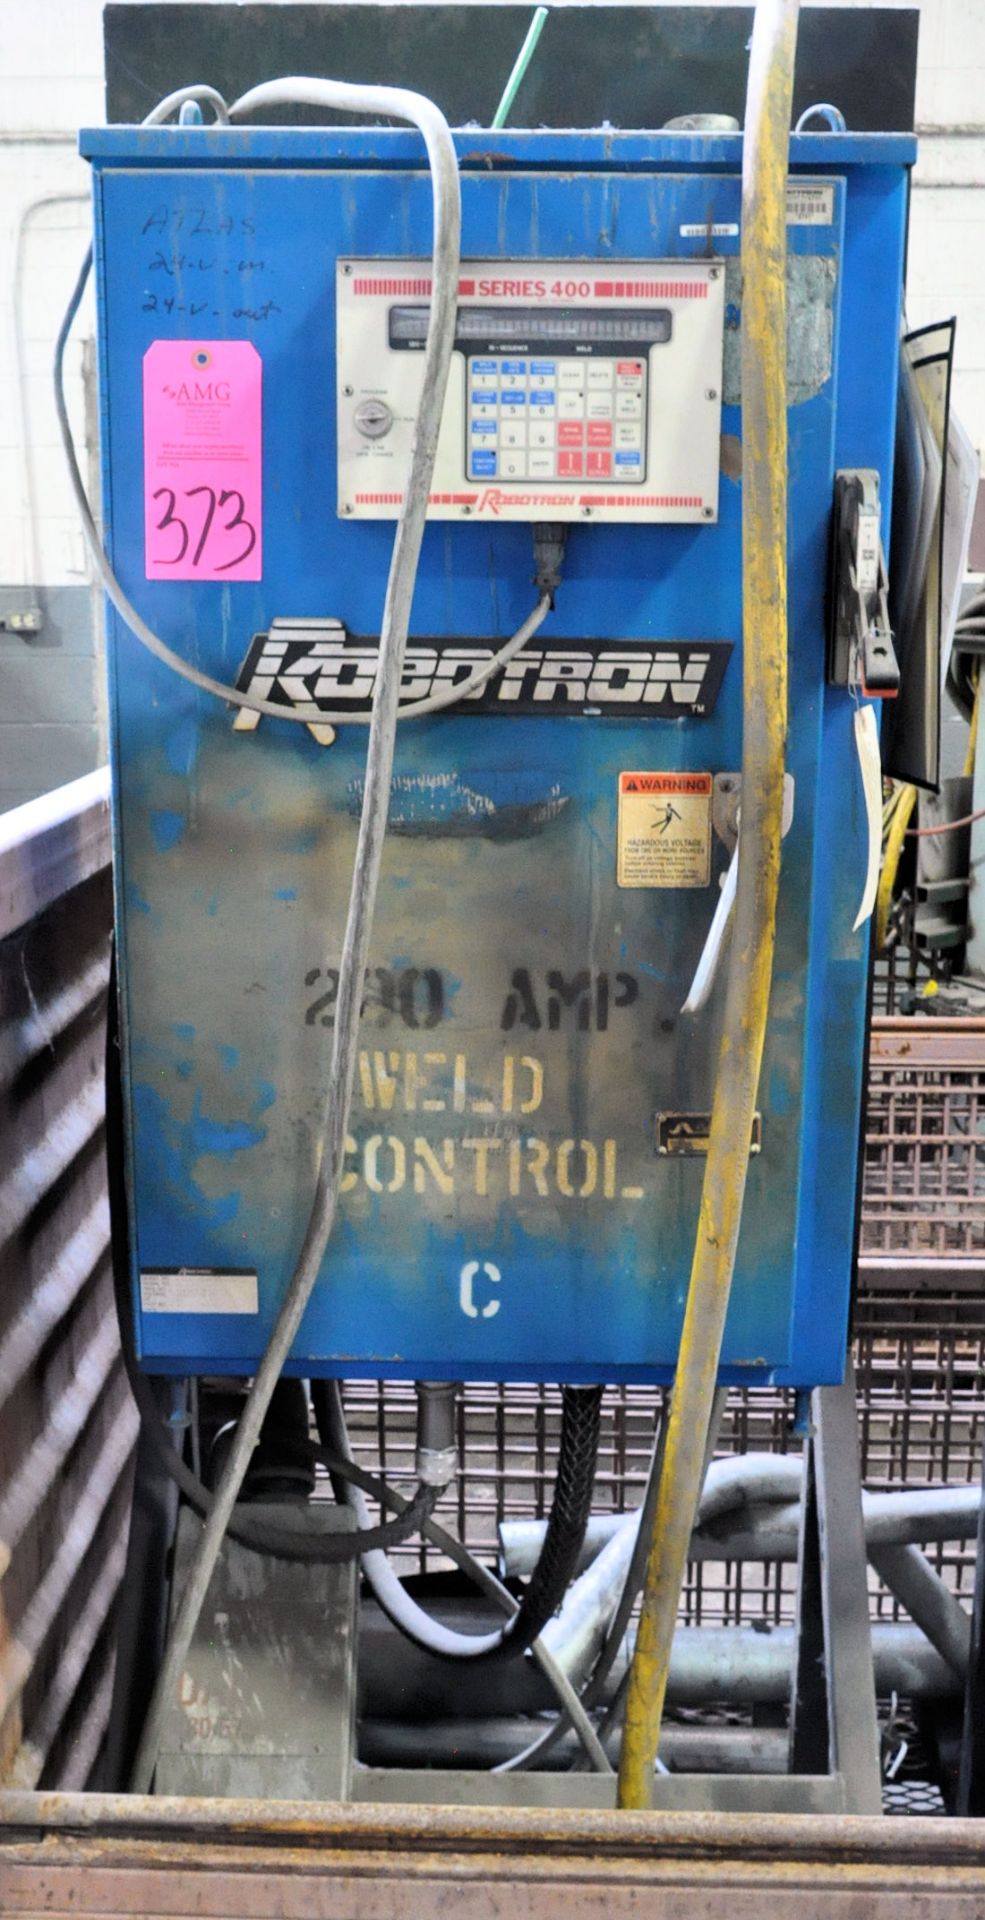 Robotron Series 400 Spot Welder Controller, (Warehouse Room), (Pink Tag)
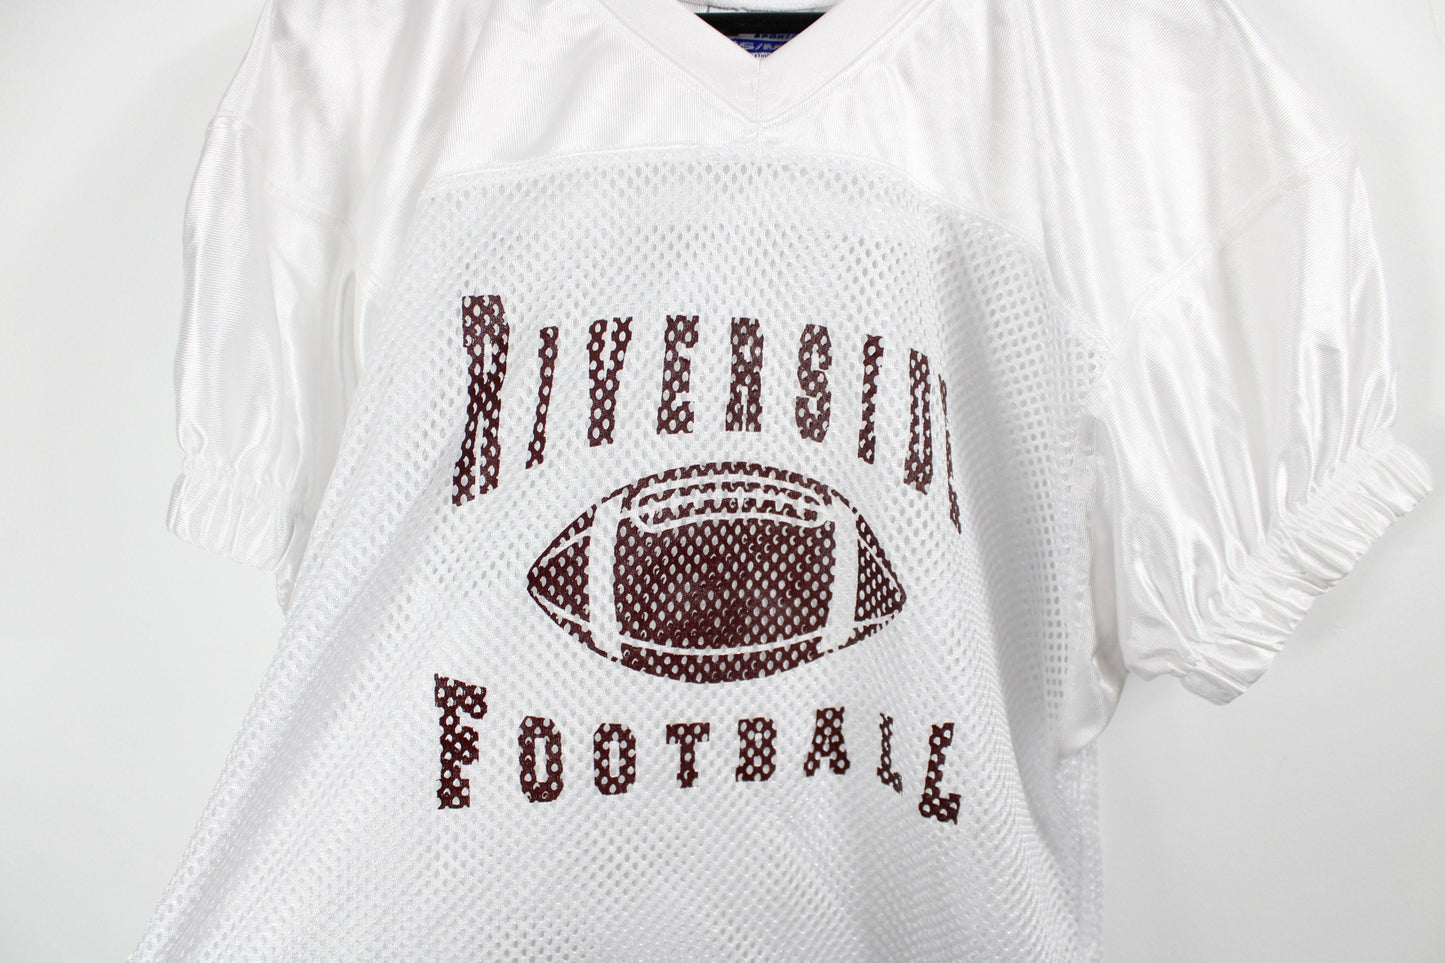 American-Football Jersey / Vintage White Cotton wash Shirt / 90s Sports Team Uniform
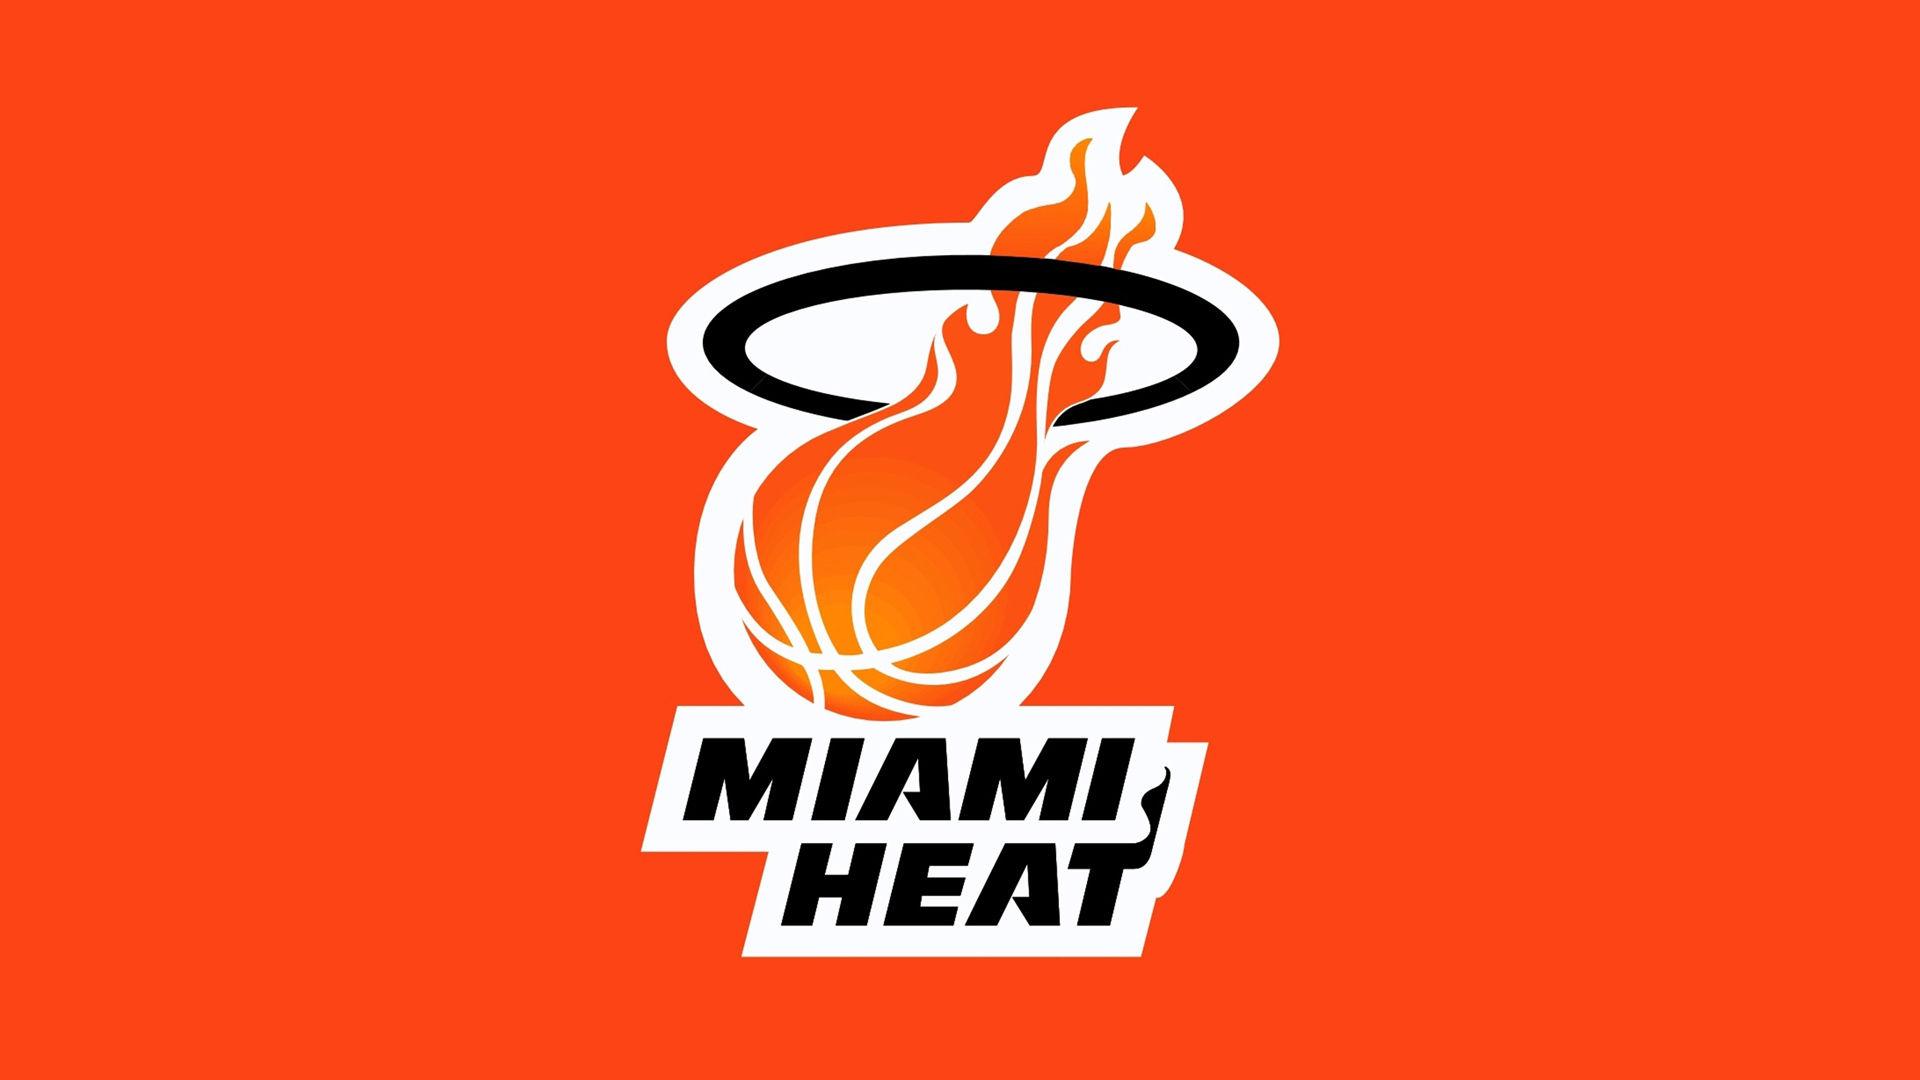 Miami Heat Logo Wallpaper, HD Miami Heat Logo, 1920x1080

Task instructions => Extract, word for word, each line from the one that contains "American-Football Jersey /" through the final line of the data above. Leave the pictures out.

Answer space =>
 American-Football Jersey / Vintage White Cotton wash Shirt / 90s Sports Team Uniform
 Miami Heat Logo Wallpaper, HD Miami Heat Logo, 1920x1080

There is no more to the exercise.